Goyal Rakesh K, Singh G, Madan A K
Sharma University of Health Sciences, Rohtak, India.
Naturwissenschaften. 2011 Oct;98(10):871-87. doi: 10.1007/s00114-011-0839-3. Epub 2011 Sep 4.
An in silico approach comprising of decision tree (DT), random forest (RF) and moving average analysis (MAA) was successfully employed for development of models for prediction of anti-tumor activity of bisphosphonates. A dataset consisting of 65 analogues of both nitrogen-containing and non-nitrogen-containing bisphosphonates was selected for the present study. Four refinements of eccentric distance sum topochemical index termed as augmented eccentric distance sum topochemical indices 1-4 [formula: see text] have been proposed so as to significantly augment discriminating power. Proposed topological indices (TIs) along with the exiting TIs (>1,400) were subsequently utilized for development of models for prediction of anti-tumor activity of bisphosphonates.
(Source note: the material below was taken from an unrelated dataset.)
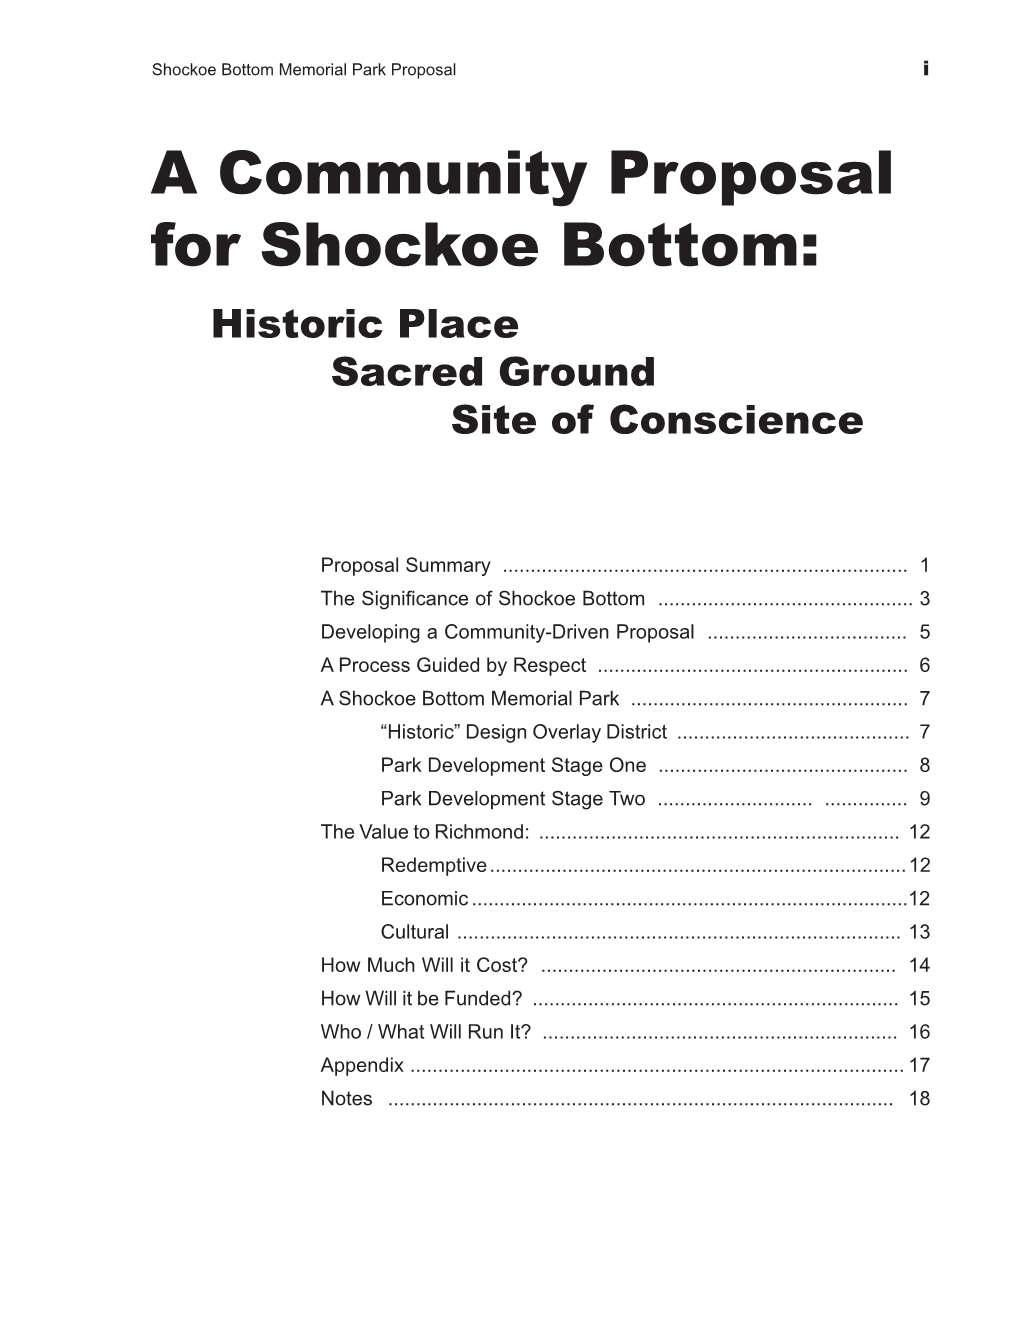 A Community Proposal for Shockoe Bottom: Historic Place Sacred Ground Site of Conscience

A total of 43 descriptors of diverse nature, from a large pool of molecular descriptors, calculated through E-Dragon software (version 1.0) and an in-house computer program were selected for development of suitable models by employing DT, RF and MAA. DT identified two TIs as most important and classified the analogues of the dataset with an accuracy of 97% in training set and 90.7% in tenfold cross-validated set. Random forest correctly classified the analogues with an accuracy of 89.2%. Four independent models developed through MAA predicted the activity of analogues of the dataset with an accuracy of 87.6% to 89%. The statistical significance of proposed models was assessed through intercorrelation analysis, specificity, sensitivity and Matthew's correlation coefficient. The proposed models offer a vast potential for providing lead structures for development of potent anti-tumor agents for treatment of cancer that has spread to the bone.
一种由决策树(DT)、随机森林(RF)和移动平均分析(MAA)组成的计算机模拟方法成功地用于开发双膦酸盐抗肿瘤活性预测模型。本研究选择了一个由65种含氮和不含氮双膦酸盐类似物组成的数据集。提出了偏心距离和拓扑化学指数的四种改进形式,称为增强偏心距离和拓扑化学指数1 - 4[公式:见原文],以显著增强判别能力。随后,将提出的拓扑指数(TIs)与现有的拓扑指数(>1,400)一起用于开发双膦酸盐抗肿瘤活性预测模型。通过E-Dragon软件(版本1.0)和一个内部计算机程序,从大量分子描述符中总共选择了43个不同性质的描述符,用于通过DT、RF和MAA开发合适的模型。DT确定了两个最重要的TIs,并对数据集中的类似物进行分类,训练集的准确率为97%,十折交叉验证集的准确率为90.7%。随机森林对类似物的正确分类准确率为89.2%。通过MAA开发的四个独立模型对数据集中类似物活性的预测准确率为87.6%至89%。通过相互关联分析、特异性、敏感性和马修斯相关系数评估了所提出模型的统计学意义。所提出的模型为开发用于治疗已扩散至骨骼的癌症的强效抗肿瘤药物提供先导结构具有巨大潜力。